The Adventist Church of Promise (Igreja Adventista da Promessa or "IAP") is an evangelical Christian denomination which is both Sabbatarian Adventist and classical Pentecostal in its doctrine and worship. It was founded in Brazil in 1932 by pastor John August Silveira (Portuguese João Augusto da Silveira), as a split-off from the Seventh-day Adventist Church.
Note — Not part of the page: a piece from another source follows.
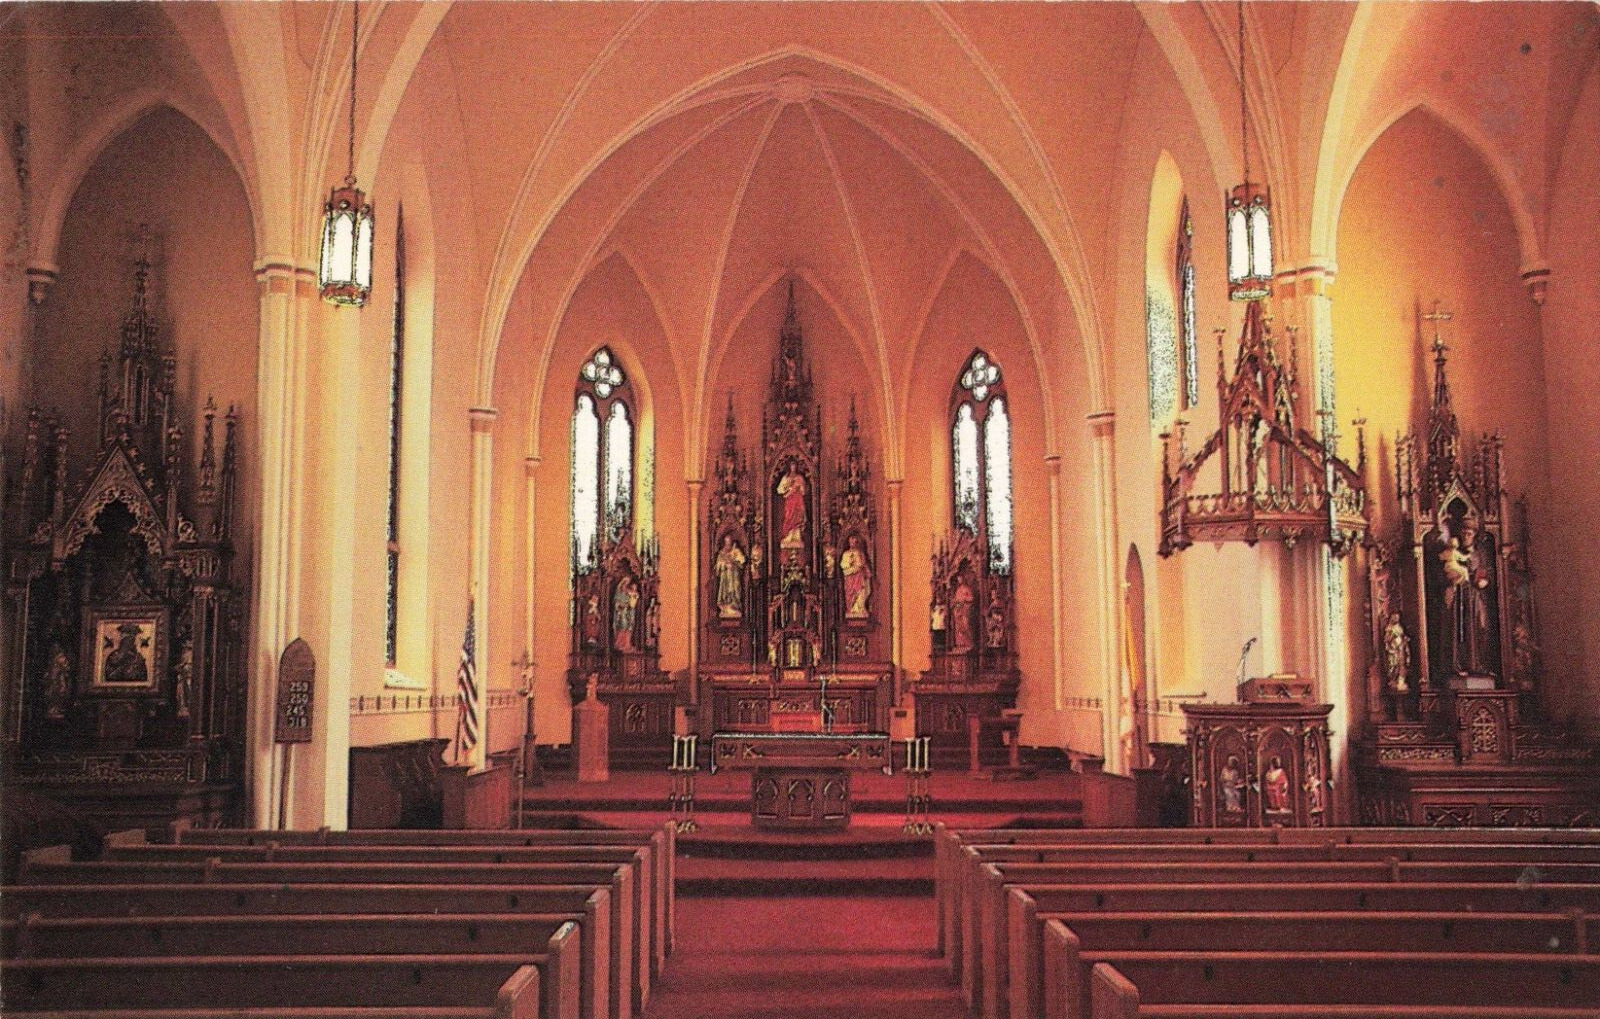 Wien MO Missouri, St. Mary of the Angels Church Interior, Vintage Postcard

It is the second-largest Adventist denomination in South America (after the Seventh-day Adventist Church). It claims to be the first indigenous Brazilian Pentecostal denomination. (The earlier Assemblies of God in Brazil were introduced from the United States). Most of the church members live in Brazil, yet the church is also present in other countries: Argentina, Paraguay, Chile, Bolivia, Colombia, El Salvador, United States, Portugal, Spain, Nigeria, Mozambique, Cameroon and Uruguay. Worldwide there are approximately 200,000 Adventists of Promise.

==Beliefs==
The Adventist Church of Promise believes in:

- Verbal inspiration of the Bible, sola scriptura and inerrancy of the Bible,
- Trinity: Father, Son and Holy Spirit,
- Virgin birth of Jesus Christ, substitutionary atonement on the cross, resurrection and ascension of Jesus,
- Jesus Christ as the only Saviour and only mediator between God and men,
- Justification is only by grace through faith, not by works,
- Experience of new birth or acceptance of Jesus as a personal Lord and Savior is absolutely necessary for salvation,
- Water baptism by immersion must be preceded by personal repentance and faith in the gospel,
- Baptism with the Holy Spirit is another blessing for those who believed,
- Initial evidence of the baptism with the Holy Spirit is always speaking with other tongues,
- Holy living, sanctification and obeying Ten Commandments is consequence of receiving salvation,
- Difference between ceremonial and moral laws of God; the moral law (Ten Commandments) is still valid for all Christians,
- The Seventh-day Sabbath, blessed and sanctified by God after creation, is still the holy day of rest and worship,
- Supernatural spiritual gifts (tongues, prophecy etc.) are as widespread as in the first century,
- Divine healing and all of the apostolic era signs are still available for the Church today,
- Christian temperance includes full abstinence from all alcoholic drinks, tobacco and unclean foods,
- Three ordinances of Christ: water baptism of repentant sinners, Lord’s Supper and washing of feet,
- Marriage between one man and one woman,
- Death is unconscious sleep until the resurrection (conditional immortality),
- Very soon premillennial second coming of Christ,
- Millennial Kingdom of Christ with saints in heaven,
- Postmillennial Great White Throne Judgment, annihilation of the wicked and restoration of the Earth to paradise.